The mental makeup that has pushed Hari over the edge several times in his career is also what has made him great, according to his long-time coach “Big Mike” Passenier, who shared a story of how hard Hari pushed himself in a  K-1 World Grand Prix win over Ray Sefo in 2008.

“I took him to the dressing room and he immediately collapsed and starting coughing blood and everything,” Passenier told FIGHT SPORTS. “And he almost pissed himself. That’s how deep he’s willing to go. But that’s also from the same fuse that disqualified him against Remy Bonjasky or against Hesdy Gerges. Once you take the good, you also have to take the bad.”

On if he thinks Hari could lose control in the ring again, Passenier said, “I don’t know. I don’t know. I’m a trainer. I”m not a shrink. I don’t know what’s going on in his head. The only thing I can do is guide him in fighting. And I know, and I’m not ashamed to say this … because he can blow a fuse and I get the benefit of this by pushing him and pushing him. Other fighters don’t want to be pushed like he wants to be pushed.”

So in a way, Passenier is playing with fire by pushing Hari to the limit in order to get the best version of him in the ring. He knows exactly how his fighter operates, has accepted it long ago and is willing to live with the results whether good or bad. And while Hari has been disqualified twice before, Passenier says he’s not concerned about it happening again. “Why would I be?” he said. “We win together. We lose together.”

Gerges says he’s been “Waiting a long time for this” rematch, and mentioned via the pre-fight quotes released by GLORY, that he feels like Maximus from the 2000 movie Gladiator because of the great shape he is currently in. But can he win the crowd like the famous character played by Russel Crowe did? If Hari’s last fight is any indication, Gerges will be hard pressed to do so.

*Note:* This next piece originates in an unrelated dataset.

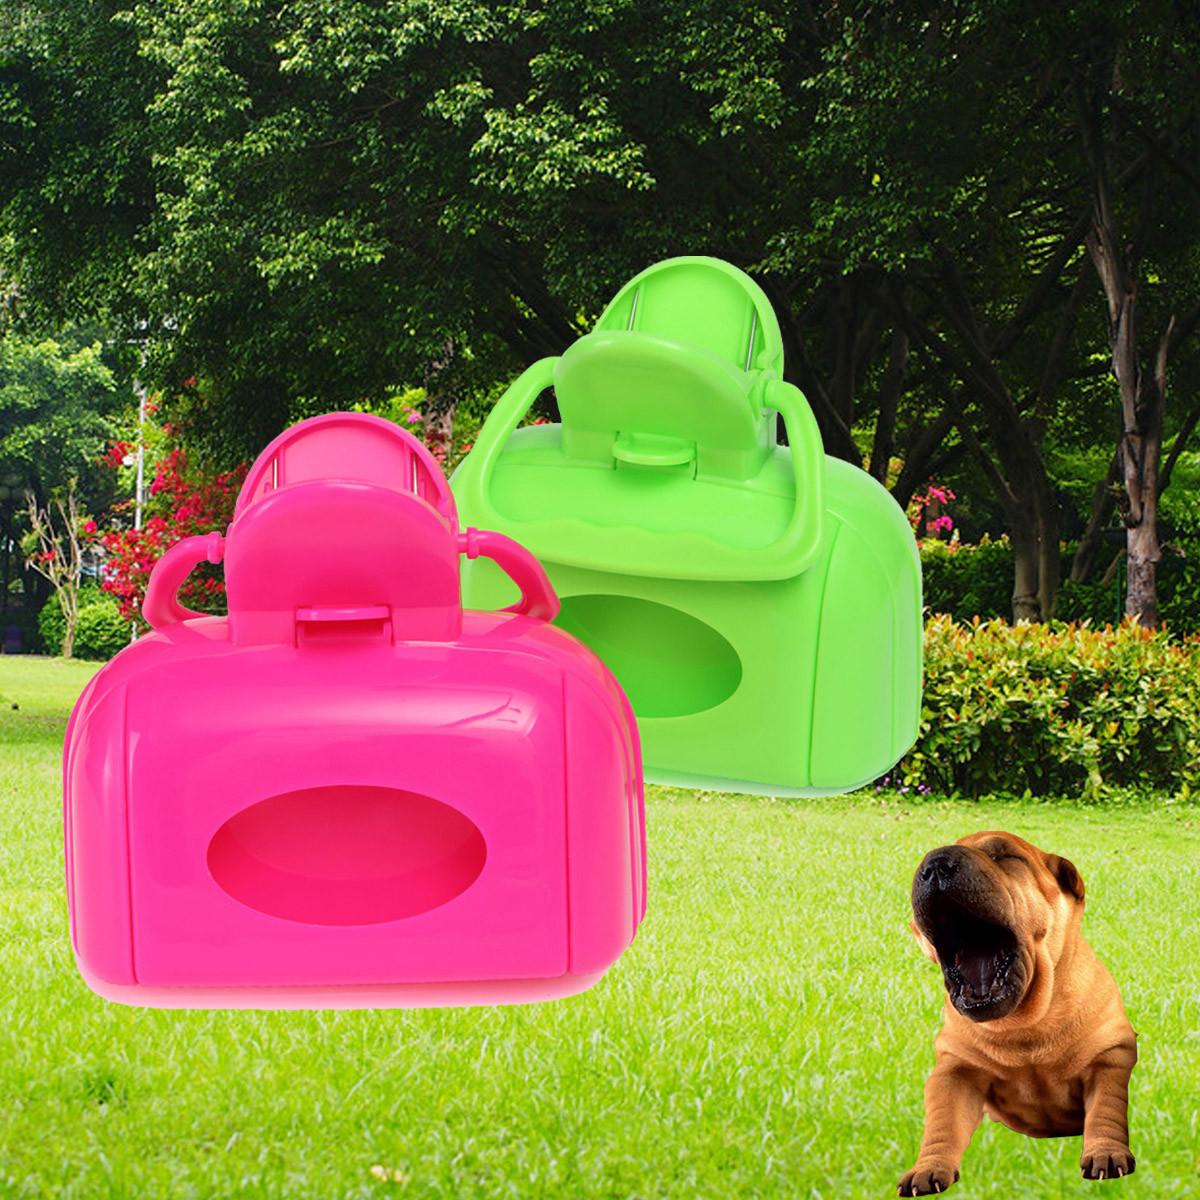 Portable Pet Dog Cat Waste Bag Case Pooper Scooper Poop Scoop Pickup Clip Easy Clean Tool
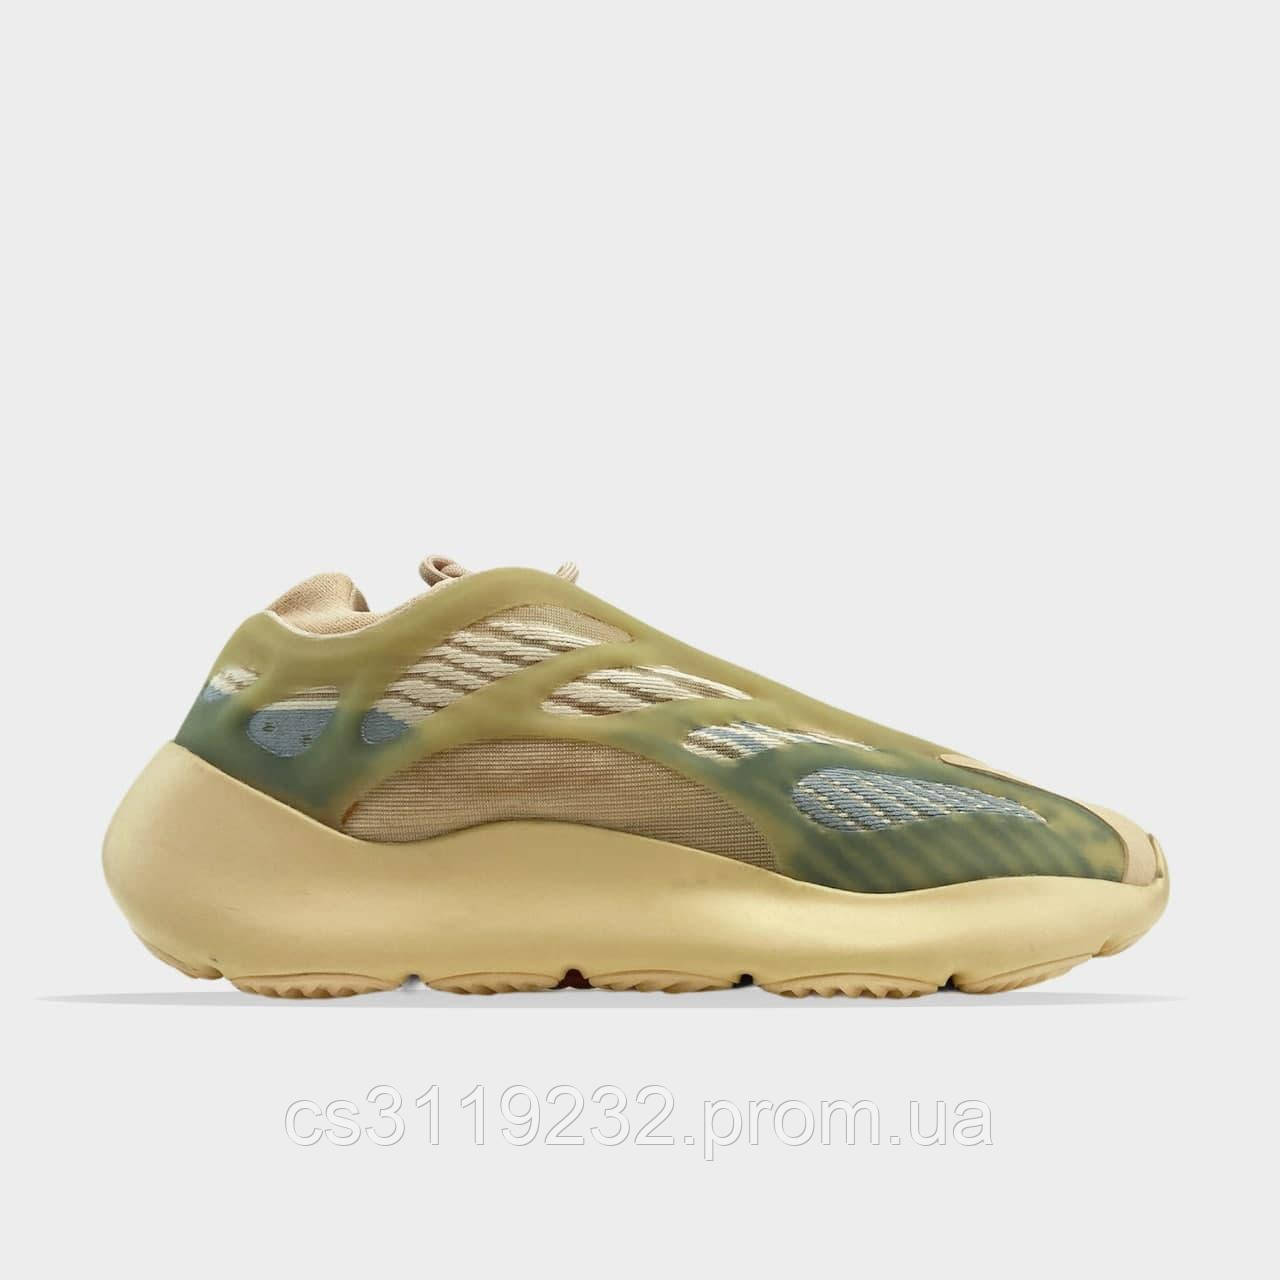 Жіночі кросівки Adidas Yeezy Boost 700 V3 Azael Peach (бежеві)

Hari’s fans blew the roof off of Koenig Pilsener Arena at GLORY: COLLISION, but that fight was in Germany. GLORY 51 is taking place in the Netherlands, where Hari hasn’t fought since defeating Gokan Saki back in 2012. The demand to see him there will be huge, so you can expect a lively and raucous crowd on Saturday afternoon. Gerges is from the Netherlands, so he will have some fans in the building for sure, but Hari’s fans should easily outnumber them. “Hari fighting in Rotterdam and just having a fight in that country is a big deal,” Grisham said.

Just how much of a part can the crowd play in the fight?

“It always plays a part,” said the No.6-ranked GLORY heavyweight Ismael Londt, who lost to Hari by TKO at the Akhmat Fight Show in Grozny, Russia in 2014.”Sometimes positive, sometimes negative.”  Londt faced a much different set of circumstances than Gerges will since Hari is friends with Grozny president Ramzan Kadyrov, which made for a very hostile crowd. Londt said “some things happened just before the fight,” but would not reveal them. “He won and I lost. That’s what it was,” he said, refusing to make any excuses.

Grisham made a good point about how the noisy crowd could negatively impact Hari because it will make it hard for him to hear instructions from Passenier, who can often be a calming presence for his fighters. There is always a chance he won’t be able listen to his corner due to the noise and instincts will ultimately kick in. “That crowd is going to be going so berzerko, if he lands a big clean punch they are going to want him to go for the kill.”

Hari continues to say all the right things and it appears he is no longer kickboxing’s resident “Bad Boy,” but the possibility of him going off the rails still exists. As the saying goes, what’s past is prologue, which is why so many are drawn to the 18-year veteran like moths to the flame. They are watching because the mystery of Hari remains intact, and the element of impending danger still radiates. So is Badr Hari still the “Bad Boy” of kickboxing? Well, he’s no longer who he once was, but there is always the chance that version of him returns.

“People connect change with something not good. I don’t think I’ve changed. I just think I’ve gotten smarter. I’ve been the bad guy for a long time. Maybe it’s time to switch the style up … or maybe not.”